Mergers of binary neutron stars (BNSs) emit signals in both the
gravitational-wave (GW) and electromagnetic (EM) spectra. Famously, the 2017
multi-messenger observation of GW170817 led to scientific discoveries across
cosmology, nuclear physics, and gravity. Central to these results were the sky
localization and distance obtained from GW data, which, in the case of
GW170817, helped to identify the associated EM transient, AT 2017gfo, 11 hours
after the GW signal. Fast analysis of GW data is critical for directing
time-sensitive EM observations; however, due to challenges arising from the
length and complexity of signals, it is often necessary to make approximations
that sacrifice accuracy. Here, we present a machine learning framework that
performs complete BNS inference in just one second without making any such
approximations. Our approach enhances multi-messenger observations by providing
(i) accurate localization even before the merger; (ii) improved localization
precision by $\sim30\%$ compared to approximate low-latency methods; and (iii)

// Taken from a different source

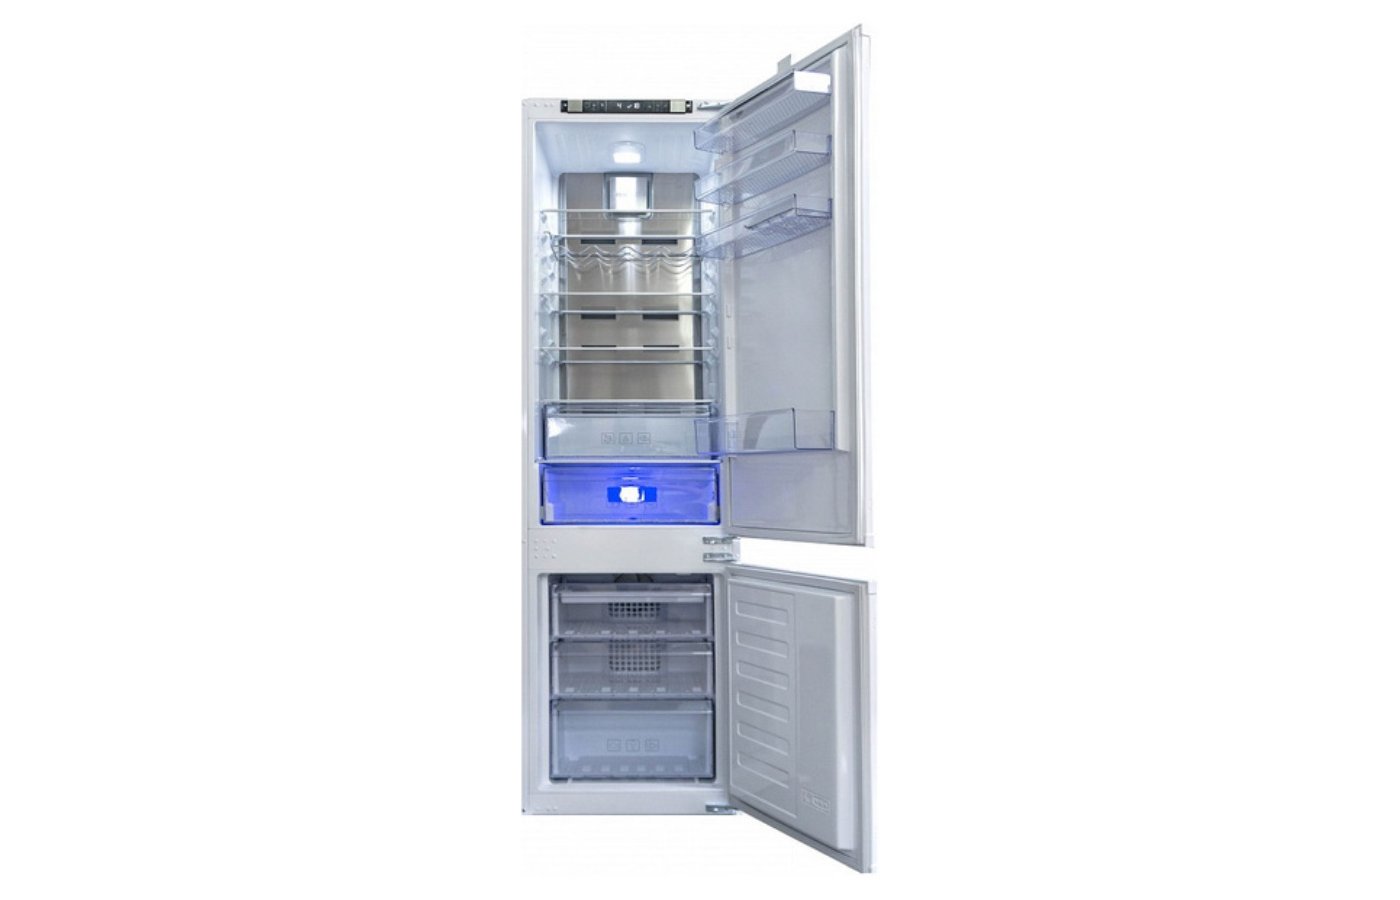 Beko bcna306e2s. Встраиваемый холодильник Beko bcna306e2s. Встроенный холодильник Beko bcna306e2s. Встраиваемый холодильник Beko bcna306e2s схема встраивания. Встраиваемый холодильник beko bcna275e2s

detailed information on luminosity distance, inclination, and masses, which can
be used to prioritize expensive telescope time. Additionally, the flexibility
and reduced cost of our method open new opportunities for equation-of-state
studies. Finally, we demonstrate that our method scales to extremely long
signals, up to an hour in length, thus serving as a blueprint for data analysis
for next-generation ground- and space-based detectors.